What GX in EasySolar-II GX?

I’m looking for info on the GX in EasySolar-II GX units. I know it’s not a full Cerbo GX, so is it a full Cerbo-S GX or a special units for the AIO Victrons?

Completely different setup. Well, not completely, lots in common, but also not.

It is based around the same ARM core as the Cerbo, namely the A7, but it is actually a Nanopi sitting on top of a larger daughterboard that contains the peripherals. A device-tree is included that tells the Linux kernel where to find everything. Some of the boards, older revisions, contains an ATMEL microprocessor that runs a software CAN-bus implementation (slcan). The newer ones have a MCP2518 (I believe) for the same job.

In this respect it has similarities with the Cerbo. The Cerbo too, has one on-chip CAN controller, and a second one that is a microcontroller in the earlier revisions, and a dedicated chip in newer revisions.

The Cerbo-S has only the on-SOC CAN-controller, and hence only one CAN port.

The LCD is a standard 16x2 LCD running some chip from Hitachi, which already had Linux support for years. It shows up as /dev/lcd on the software side and it behaves like the usual VT100 terminal. There is a bit of python code controlling the LCD screen.

Thank you! I cannot find any technical documentation on this whatsoever. Is there anything within Victron that you can share or point me to?

I don’t think this inner detail is all that well documented. What you can do is take a peak at some of the sunxi branches over here. The magic is mostly in the device tree.

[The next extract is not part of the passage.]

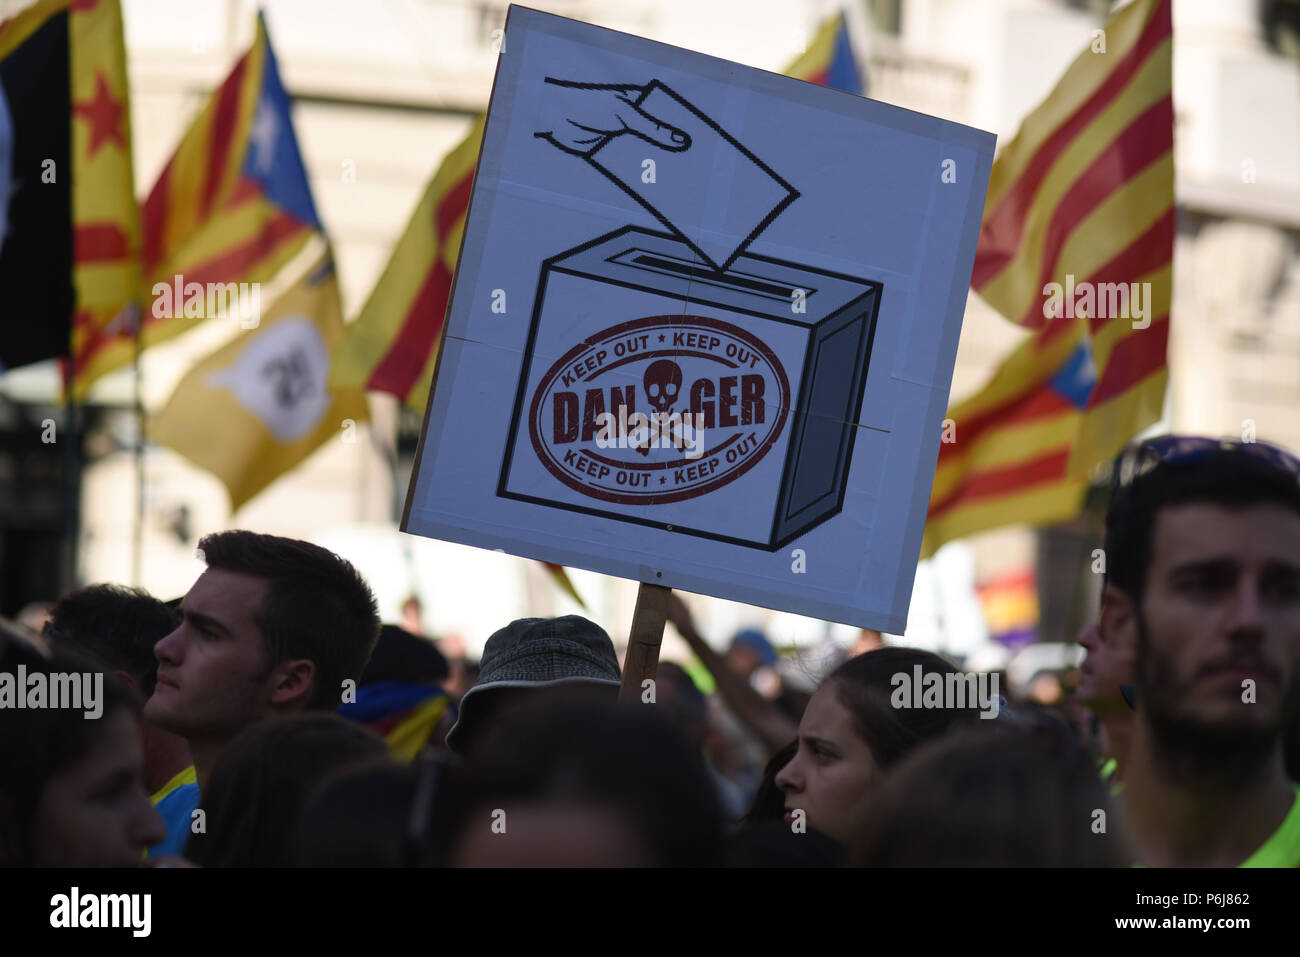 September 11, 2017 - Barcelona, Spain: Hundreds of thousands of Catalans gather in Barcelona for Catalonia's national day, known as the 'Diada', as they call for independence less than three weeks before the region is due to hold a vote on whether to break away from Spain. Independentists marched in a festive atmosphere with banners calling on the Spanish government to respect their 'democratic will' after tensions grew with Madrid over the legality of this secession vote. Manifestation de masse lors de la Diada 2017, quelques semaines avant le referendum controverse sur l'independance de la C Stock Photo

For reference – not sure how well you know this stuff – small embedded platforms doesn’t have “plug and play” capabilities. You write a definition of what hardware is to be found where, and you load it into RAM along with the kernel and the “initramfs”. The difference then between the nanopi-based EasySolar is simply that it has all the hardware already attached, and the kernel already knows where everything is.

This looks like heading down a route with limited or no predictable support, so I conclude it’s not worth trying to dabble with NodeRed and such on this platform for a customer - it’ll cost them more in consult time than buying a Cerbo GX and a larger Multi with external MPPT(s), and provides a much-wanted excuse for the upgrade anyway :thinking:. The EasySolar-II are great boxes for non-dabblers though, but not so great when basic users develop more sophisticated “wants”.

I do wonder how long this configuration will still be provided as the single-string limitation also doesn’t make expansion simple.

Thanks for the info.

Maybe an idea to ponder on … remove the GX inside it/disable it, and connect an external Cerbo?

1 Like

A feasible option for one’s own tinkering inverter but not viable for a non-technical customer who has guarantee expectations and would become a support nightmare. These EasySolar-II GX units are bulletproof and easy enough to resell. Money’s not the issue here - simplicity, standardisation and “normal” support are.